Best ever is 385lbs.

But I weighed 250lbs, its all relative.


----------



## JonnyStead (Apr 28, 2008)

vader said:


> I weigh 165-168 and bench 270.Prettey damn good if you ask me. I'll get 300 one day but right now its not a priority, so who cares



You are a monster compared to me mate! 

Um, no I cant bench 300, not even close - but if I didnt train hard and be careful with my diet I'd be walking around at about 127 instead of 170 lol (true)


----------



## min0 lee (Apr 28, 2008)

Almost there, ever since I broke my clavicle my presses have never been the same.


----------



## Gazhole (Apr 28, 2008)

Nope. My best is 210/220 x 1. I think i could do a LOT more than that though. At the time, when i did whatever my record is i remember it being surprisingly easy because of the switch from DB to BB.

We'll have to see, im pretty confident that one day ill be able to do it. If you put your mind to it you can do anything.

Once im back up to speed and confident about my back injury im gonna give Westside another go, and then we'll see


----------



## TBAR (Apr 28, 2008)

Personal best was 365.  I could probably get 300 up now but it would be a struggle!  For me personally 300 was a huge mental berriar.  I was stuck at 295 triples for about 2 months before I finally pushed 300 off my chest.  That same day I did a 315 double.  That tells me that it was nothing more than mental.


----------



## soxmuscle (Apr 28, 2008)

I've been unable to bench for the last couple of months, but last summer I made some excellent progress on my bench (on all my lifts really) and I expect the same kind of improvement this summer.

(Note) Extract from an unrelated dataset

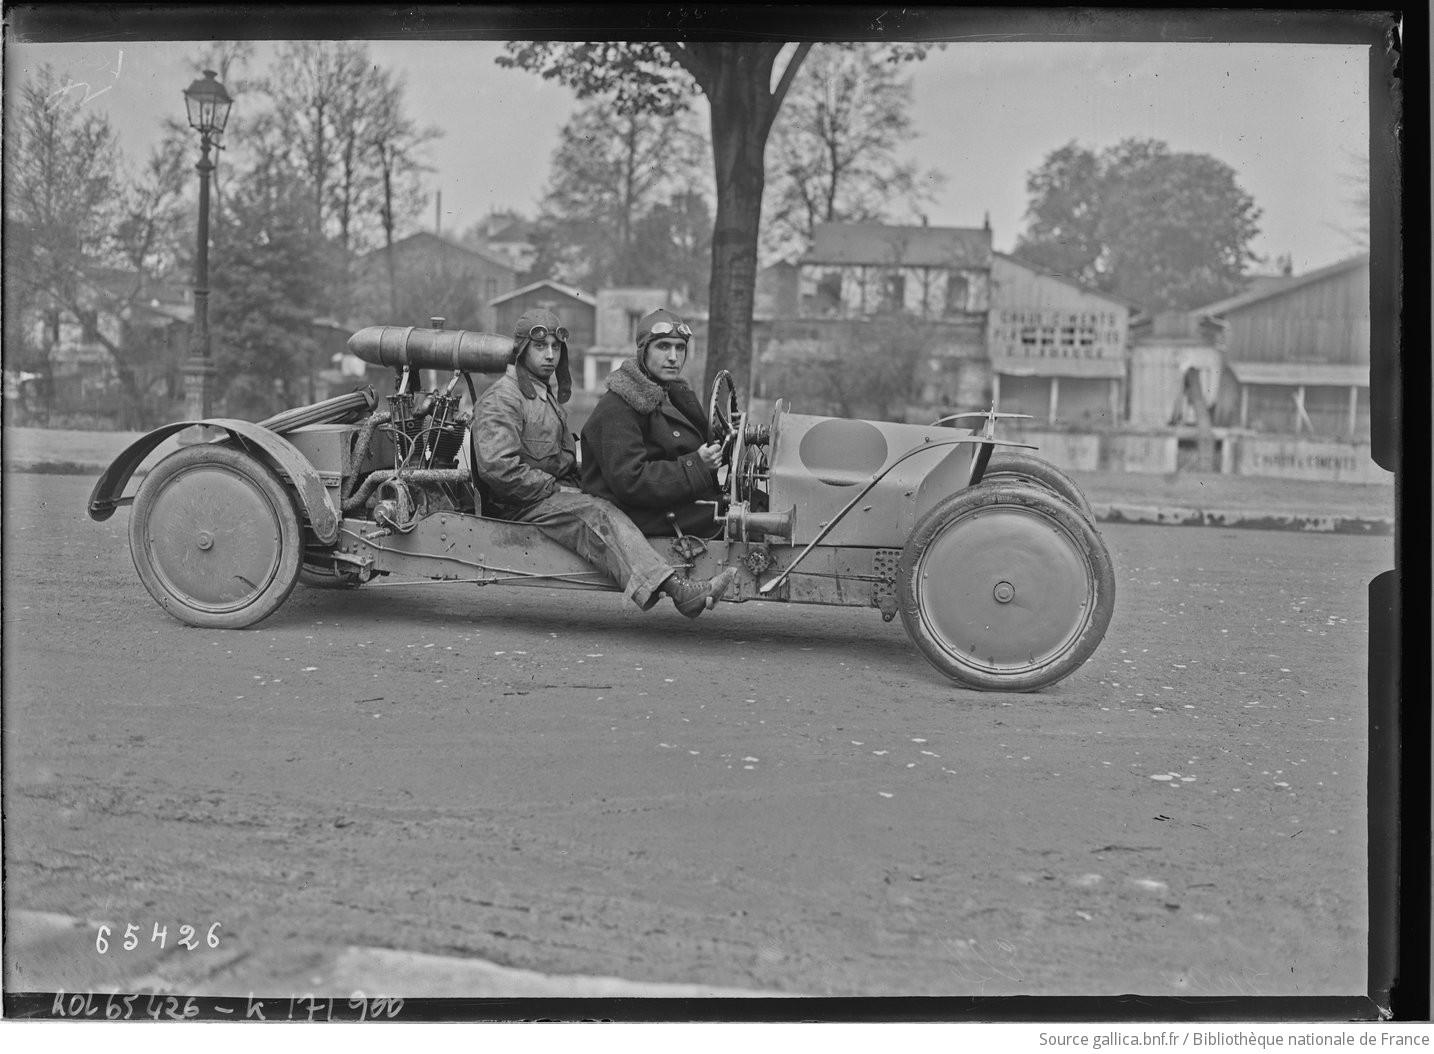 ELFE cyclecar F1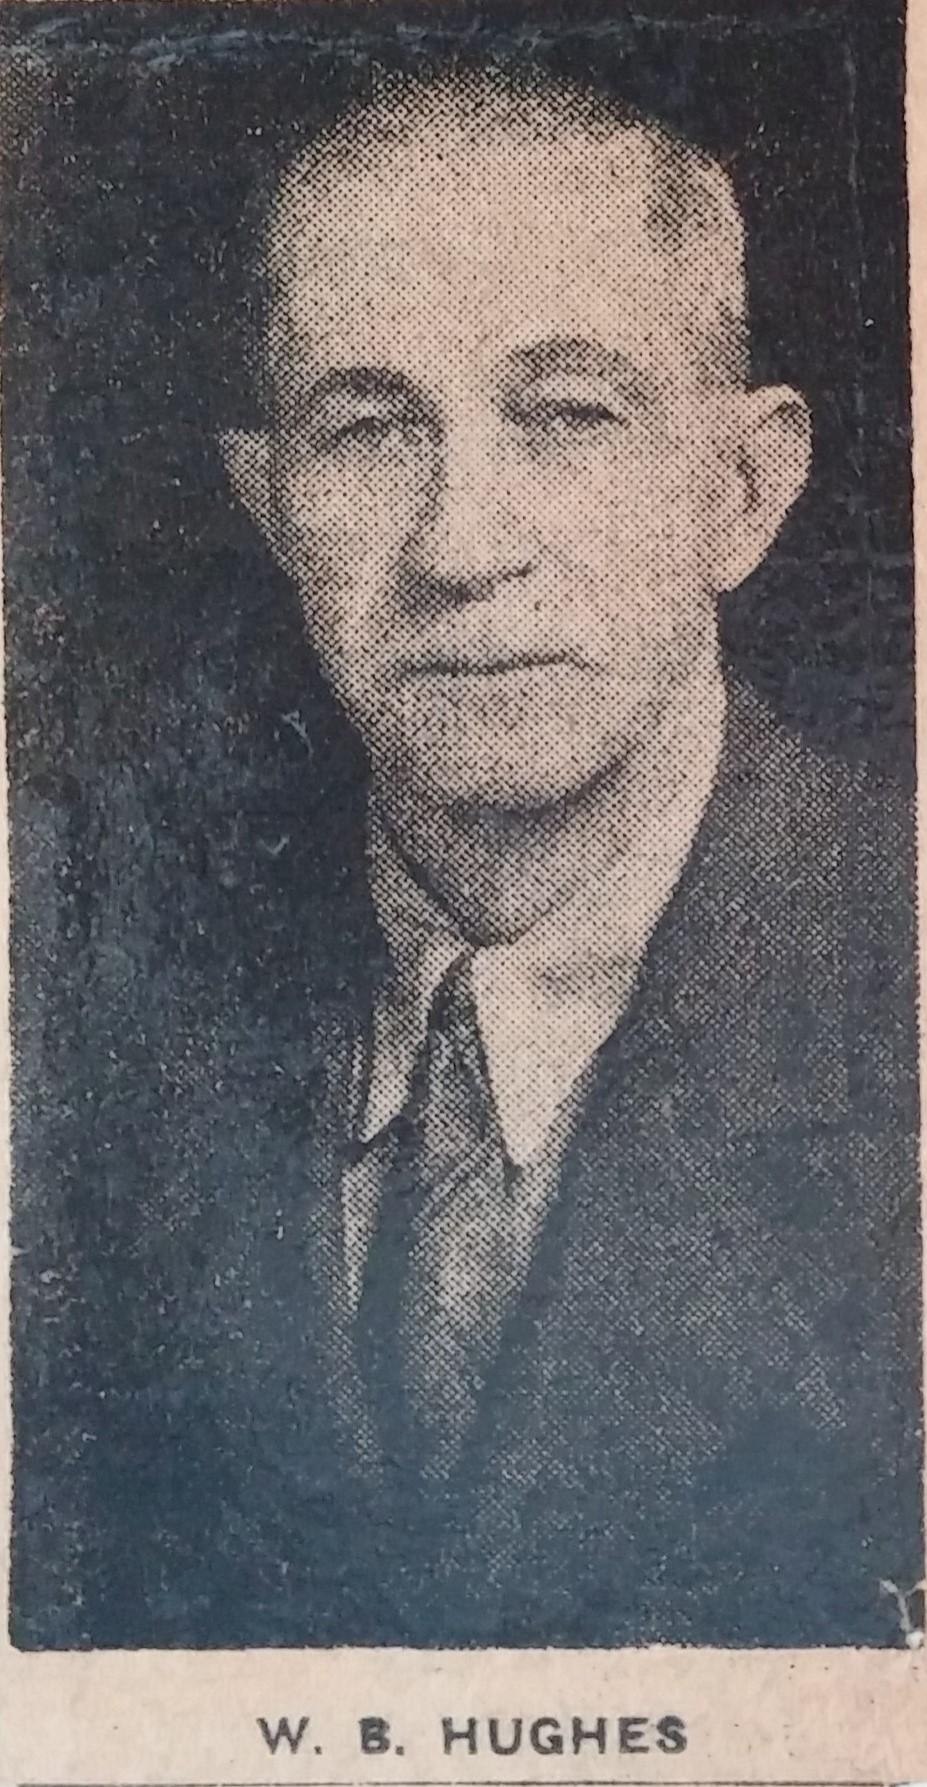 W. B. Hughes - 1940

300 pounds will happen, it's just a matter of when.


----------



## Doublebase (Apr 28, 2008)

soxmuscle said:


> I've been unable to bench for the last couple of months, but last summer I made some excellent progress on my bench (on all my lifts really) and I expect the same kind of improvement this summer.
> 
> 300 pounds will happen, it's just a matter of when.



Then select No, son.


----------



## soxmuscle (Apr 28, 2008)

Done and... done.


----------



## Swede (Apr 28, 2008)

I started lifting a couple months before I turned 51 - could barely bench 135. I turned 52 a month ago and can bench 225 and 90 using dumb bells.  I weigh 210 was 200 when I started.  300?  maybe some day, but not to worried about it.


----------



## largepkg (Apr 28, 2008)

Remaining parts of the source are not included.